The 91-year-old physicist, a professor emeritus at the University of Chicago, is best known for developing the theory of solar wind, which explains how stars, particularly the sun, give off energy. His work has helped scientists better understand what kind of particles and magnetic fields radiate off the sun and throughout the solar system.

And now, he is the first living person to have a NASA mission named after him: the Parker Solar Probe.

Next month, the Parker Solar Probe will head toward the sun in an attempt to get closer to its surface than any craft before it. Parker (the human) will head to Florida to watch the launch on Aug. 11.

“I’m greatly honored,” Parker told reporters at a press conference in downtown Chicago Tuesday. “I think it’s going to be a superb mission in the sense that it’ll bring back a lot of crucial data.”

While Parker’s theories changed the way we understand the solar system and the relationship between the sun and the earth, his ideas weren’t immediately accepted. Two astronomers rejected his seminal paper before it was published in 1958. 

But Parker was convinced he was correct. In 1962, data from a NASA probe proved his theories.

“From there, it was just sitting out the deniers for four years until the Venus Mariner II spacecraft showed, ‘by golly, there was a solar wind,’” Parker remembered. “There was no further denial.”

Scientists hope Parker’s namesake probe will help them gain a deeper understand of Parker’s work.

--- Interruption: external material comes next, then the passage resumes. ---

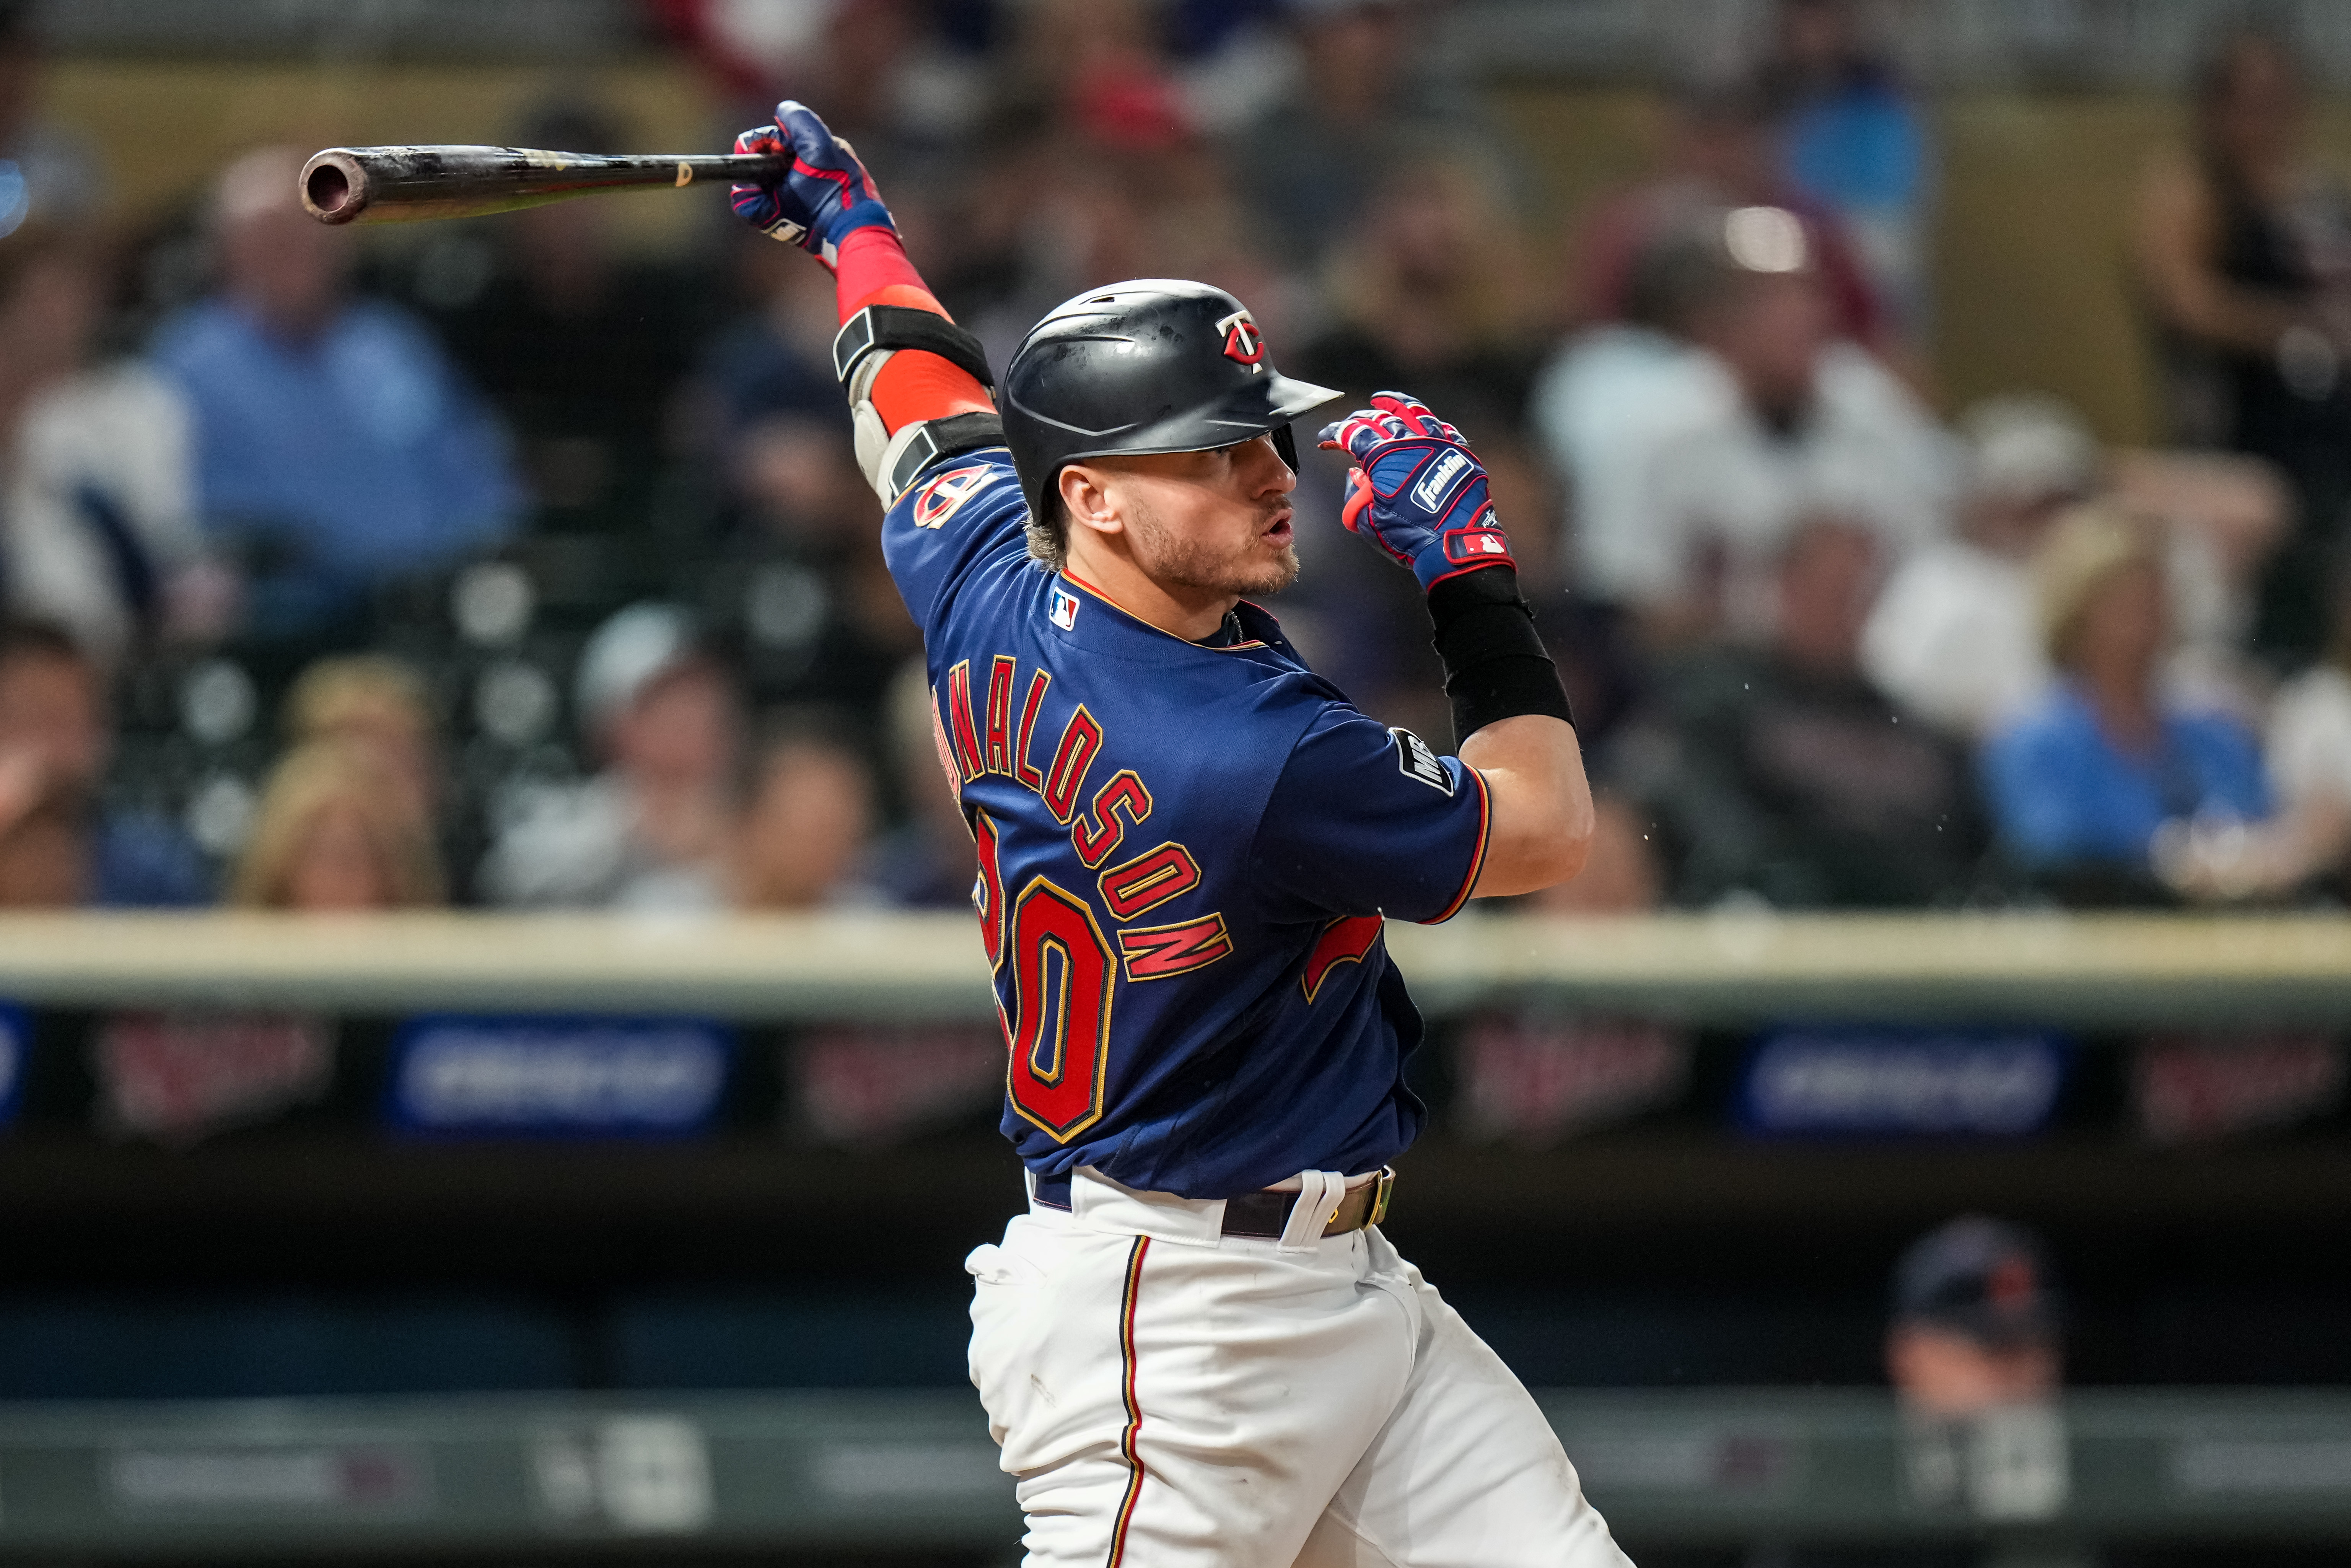 Josh Donaldson #20 of the Minnesota Twins bats against the Detroit Tigers on September 29, 2021 at Target Field in Minneapolis, Minnesota.

“We’re living in this sun’s atmosphere,” said Alex Young, associate director for Science of the Heliophysics Division at NASA’s Goddard Space Flight Center. “We’re living in solar wind streaming by Earth.” 

Young says the particles and magnetic fields streaming from the sun can affect technology on Earth, including the world’s power grids. The sun also causes space weather events that can be harmful to astronauts. And if scientists can better understand the sun, Young said, they can better understand stars across the universe. 

Scientist Nicola Fox, who is working with NASA on the mission, says the timing of the mission is historic.

“We just had the anniversary of the Apollo moon landing,” Fox said, referring to the July 16 anniversary of the first mission to put a man on the moon. 

Playing off the phrase, “shoot for the moon,” Fox said the motto for the Parker Solar Probe should be “go for the sun!”